MSG Net in carriage talks with TWC
MSG Network’s carriage deal with Time Warner Cable expires at the end of this year, not ideal timing as the Knicks’ regional sports network is negotiating a deal in the middle of an NBA lockout that is threatening the entire basketball season.
But sources said that despite that possible void in programming, the two sides have had productive talks so far and have traded proposals.
Sports media veterans are keeping an eye on these talks, which will mark Time Warner Cable’s first RSN renewal since it jumped into the NBA rights game in a big way earlier this year by picking up the Lakers’ local rights. Published reports have said the deal averages out to $200 million over 25 years.
Time Warner Cable has had notable disputes with sports channels, like NFL Network and Tennis Channel, mostly over the cost and placement of such services. But now that it is a player in local NBA rights, it will be interesting to see how Time Warner Cable handles negotiations for the local rights holder of the Knicks, which is as dominant a basketball brand in New York as the Lakers are in Los Angeles.
Complicating matters a bit is the fact that the Mets’ RSN, SportsNet New York, will see its carriage deal with Cablevision end early next year, just before baseball season starts.
Time Warner Cable owns close to a 25 percent stake in SNY. But Comcast, which holds an 8 percent stake in the RSN, is responsible for its affiliate sales.

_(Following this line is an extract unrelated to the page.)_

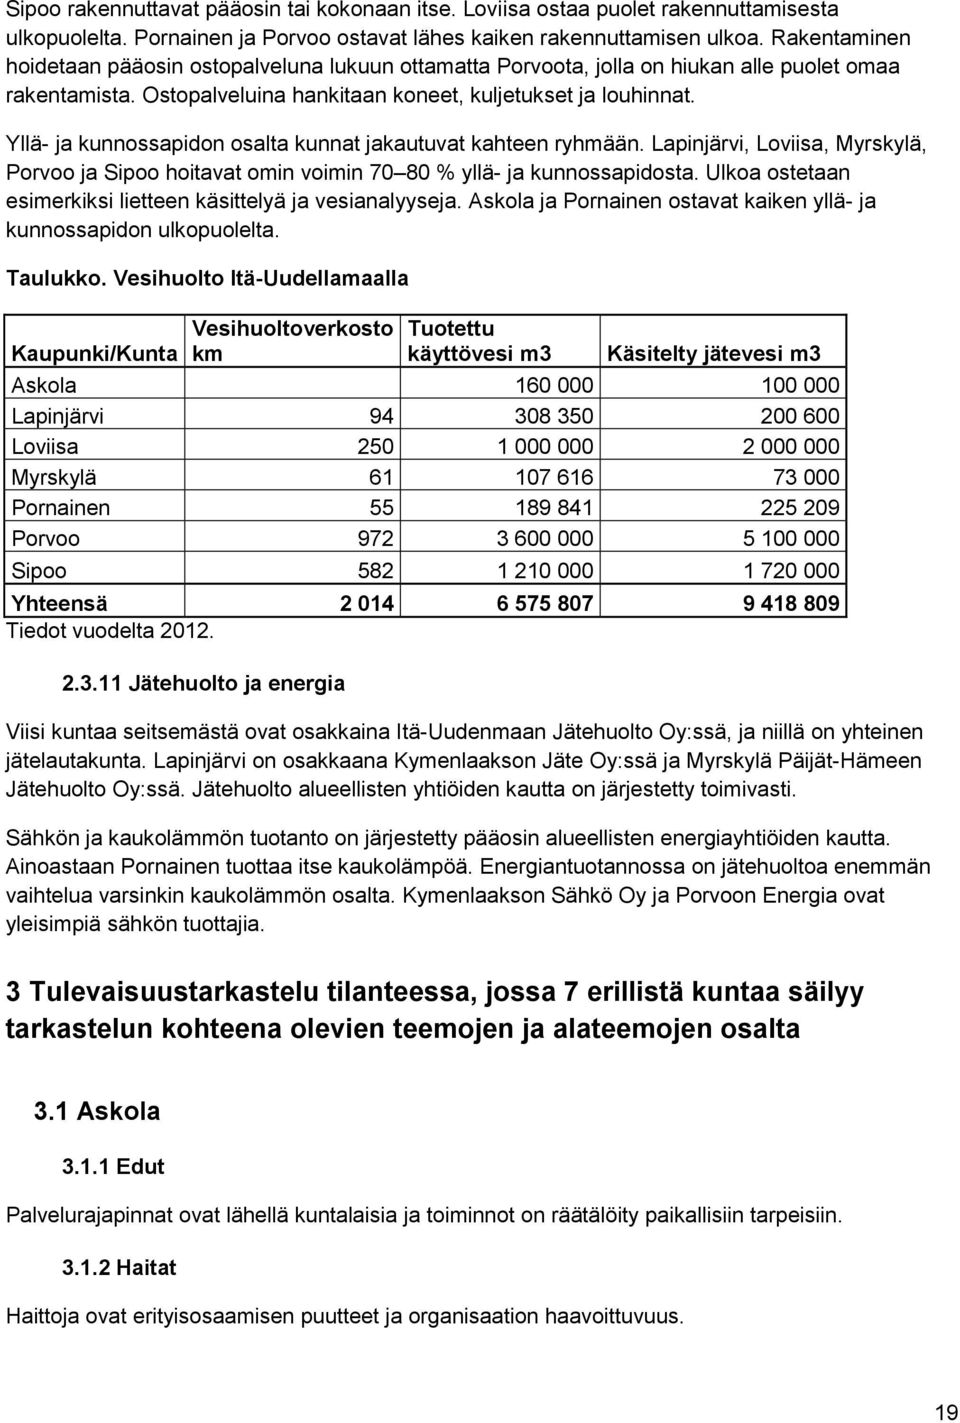 Yllä- ja kunnossapidon osalta kunnat jakautuvat kahteen ryhmään. Lapinjärvi, Loviisa, Myrskylä, Porvoo ja Sipoo hoitavat omin voimin 70 80 % yllä- ja kunnossapidosta.

Combined, distributors pay less for MSG Network and MSG Plus ($4.91 per subscriber per month) than they do for a combined rate of New York’s other two regional sports networks, YES Network and SportsNet New York ($5.54), according to figures from SNL Kagan.
In 2012, distributors are scheduled to pay $2.63 per subscriber per month for MSG and $2.28 for MSG Plus. SNL Financial has YES Network at $2.99 and SportsNet New York at $2.55.